ESCLUSIVA MN - Agostinelli: "Praet e Andersen sono da Milan, per Giampaolo è la prova del nove. Cutrone? Da tenere assolutamente"

06.06.2019 12:00 di Enrico Ferrazzi Twitter:    Vedi letture
© foto di Antonello Sammarco/Image Sport
ESCLUSIVA MN - Agostinelli: "Praet e Andersen sono da Milan, per Giampaolo è la prova del nove. Cutrone? Da tenere assolutamente"

Per commentare le ultime novità sul Milan, la redazione di Milannews.it ha intervistato in esclusiva Andrea Agostinelli, ex giocatore della Lazio e attualmente allenatore dei congolesi del Motema Pembe. Con lui abbiamo parlato della rivoluzione nell'organigramma milanista, del probabile arrivo di Marco Giampaolo sulla panchina rossonera, delle voci di mercato su Andersen e Praet e della posizione in campo di Calhanoglu.

Sig. Agostinelli, si aspettava gli addii di Leonardo e Gattuso e la promozione di Maldini a responsabile dell'area tecnica?
"Che Maldini, per quello che ha rappresentato per questo club, debba avere un ruolo importante nel Milan mi sembra giusto, scontato e logico. Sono assolutamente d'accordo su questa cosa. Per quanto riguarda la rivoluzione tecnica, io ho grande stima in Gattuso, per me ha fatto assolutamente bene sulla panchina del Milan. Ha fatto un buon lavoro". 

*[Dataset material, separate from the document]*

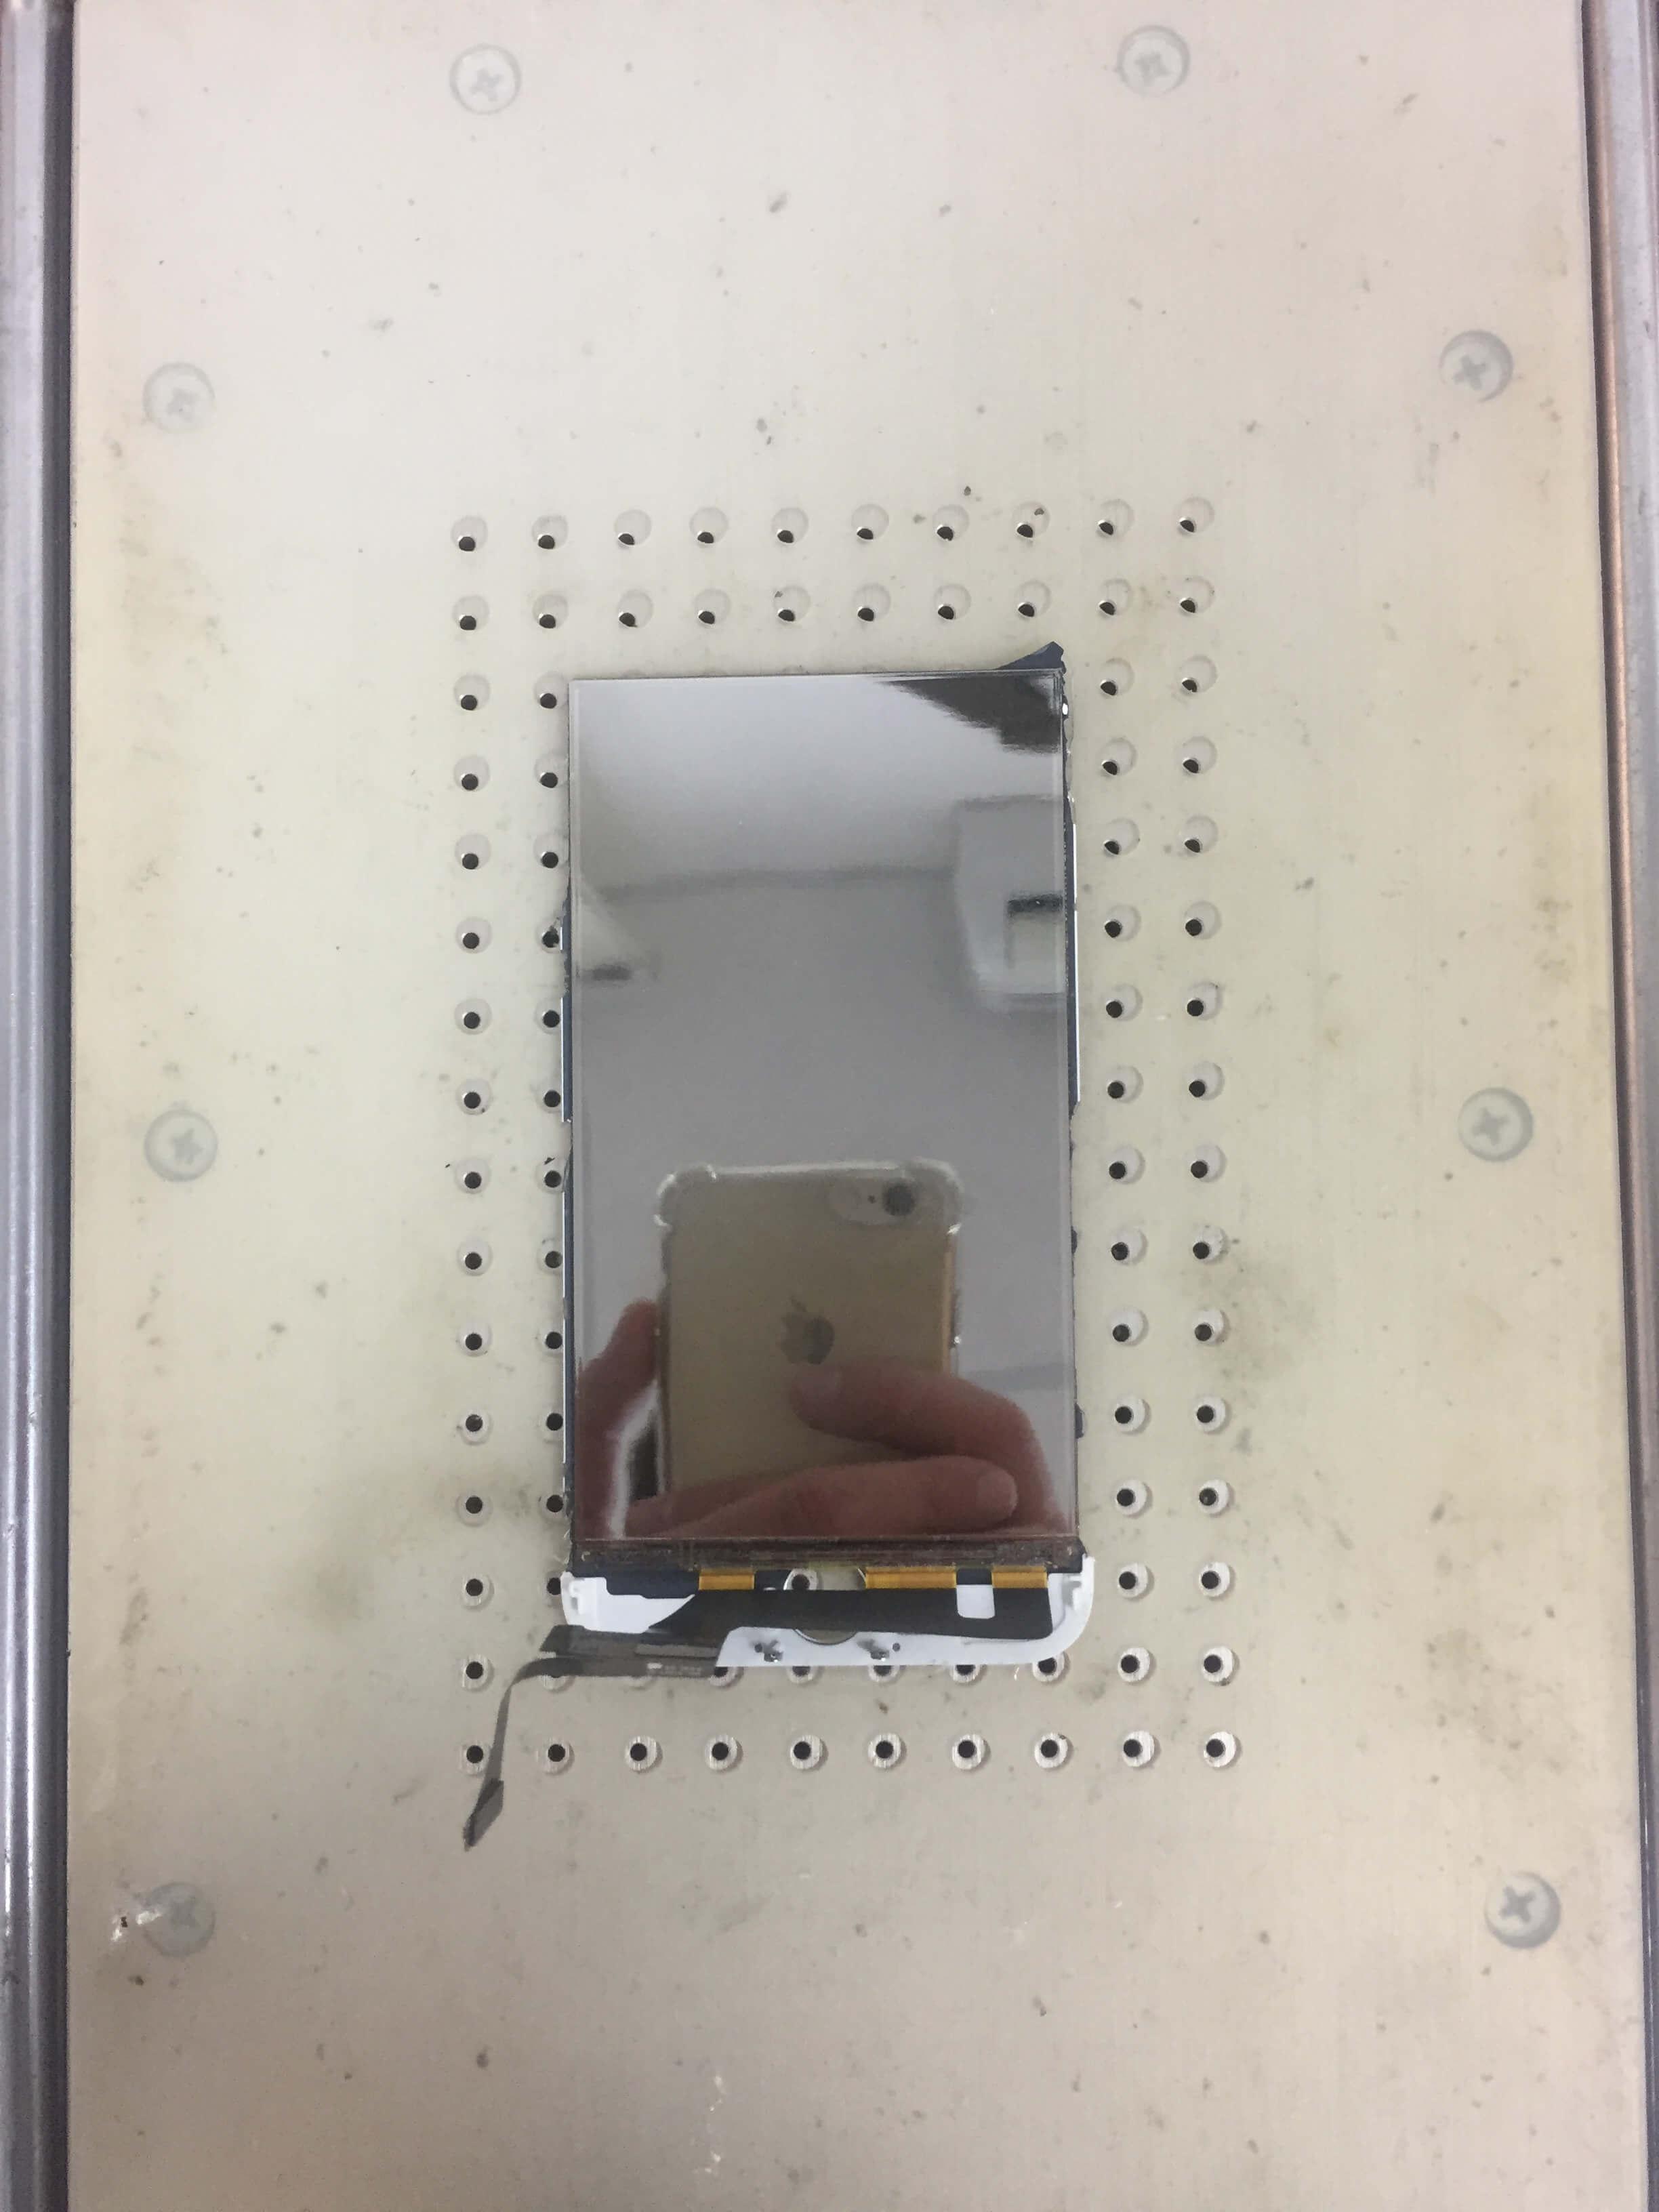 Прогреваем дисплей на сепараторе

Al posto di Gattuso, dovrebbe arrivare Marco Giampaolo. E' l'allenatore giusto per il Milan? 
"Giampaolo è un buon allenatore, è uno che ha idee, ma Milano è una piazza difficile per tutti. E' una prova del nove per Giampaolo, anche perchè sarebbe la prima volta che va ad allenare un top club dove ci sono sempre grandi pressioni".

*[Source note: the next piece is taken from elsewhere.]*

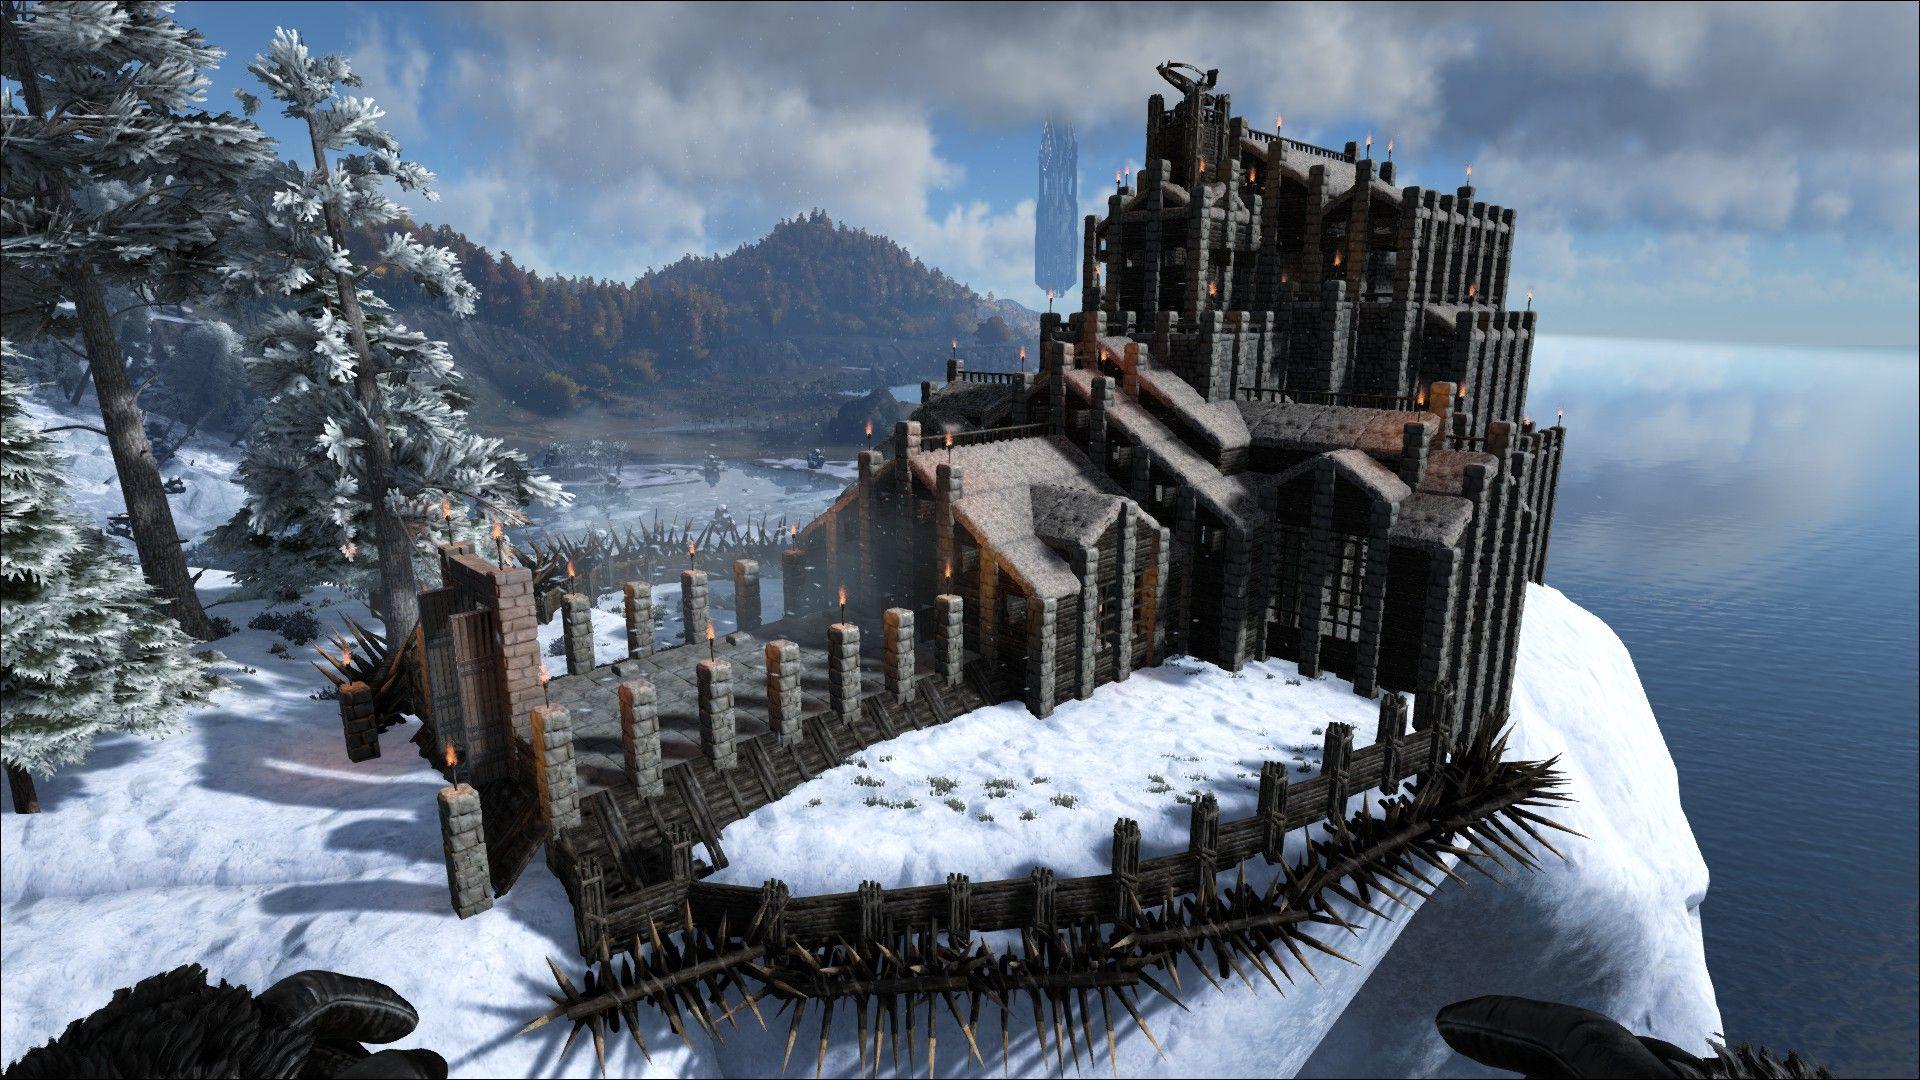 Pin By Krazymistere 101 On Ark Survival Evolved Ark Survival Evolved Ark Survival Evolved Bases Game Ark Survival Evolved

Ci sono voci di mercato secondo cui Giampaolo vorrebbe portare in rossonero Andersen e Praet. Secondo lei sono giocatori da Milan? 
"Giampaolo vorrebbe portarli con lui al Milan. Praet si è confermato in questa stagione, credo sia un giocatore da Milan, così come Andersen. Se Giampaolo li vuole portare con sé, è perchè crede molto in loro".

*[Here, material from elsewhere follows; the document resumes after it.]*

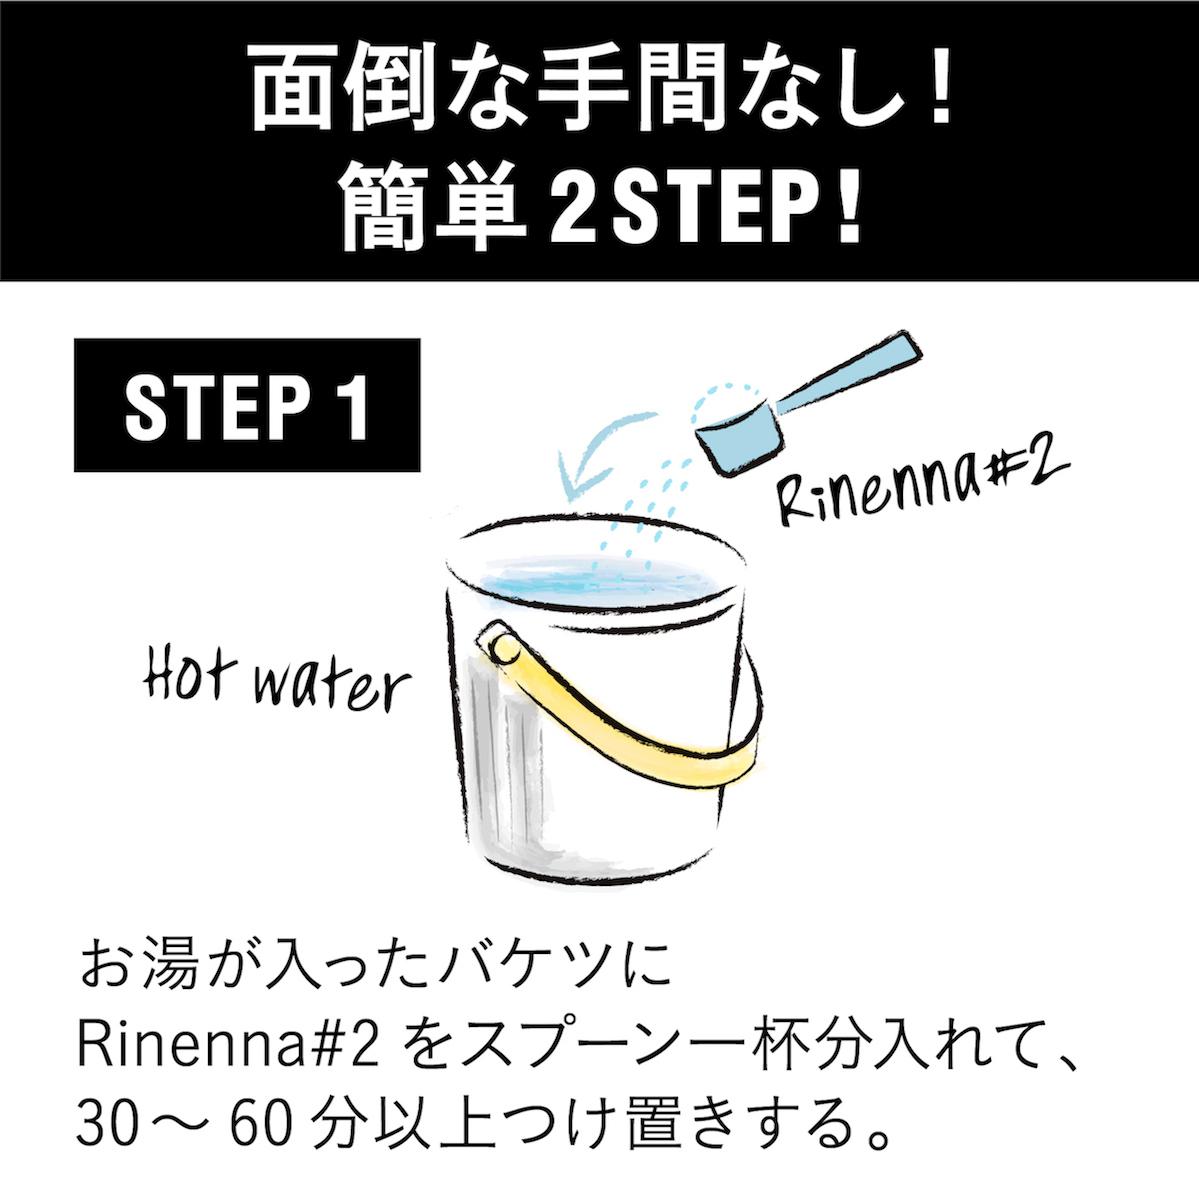 【新発売】Rinenna#2本体+Rinenna#2詰替セット

Per lei Calhanoglu può fare il regista davanti alla difesa?
"Tutto è possibile, ma mi sembra un giocatore che tocca troppo la palla. E' anche vero che anche Pirlo era un trequartista e poi è diventato un grande regista. Se dovesse venire Giampaolo, credo che il Milan giocherà con il 4-3-1-2 e quindi vedrei meglio Calhnoglu nel ruolo di trequartista. Staremo a vedere, è un'idea che si può provare perchè al turco non manca la tecnica, ma dovrebbe cambiare la mentalità e l'approccio alle partite".

L'ultima domanda è su Patrick Cutrone. Secondo lei dovrebbe rimanere ancora al Milan o magari fare un anno in prestito per giocare con continuità?
"Io su Cutrone dico solo una cosa: è un attaccante che la butta sempre dentro. Io me lo terrei ben stretto. A livello tecnico non è eccelso magari, ma segna in ogni modo. Io lo prenderei in ogni squadra".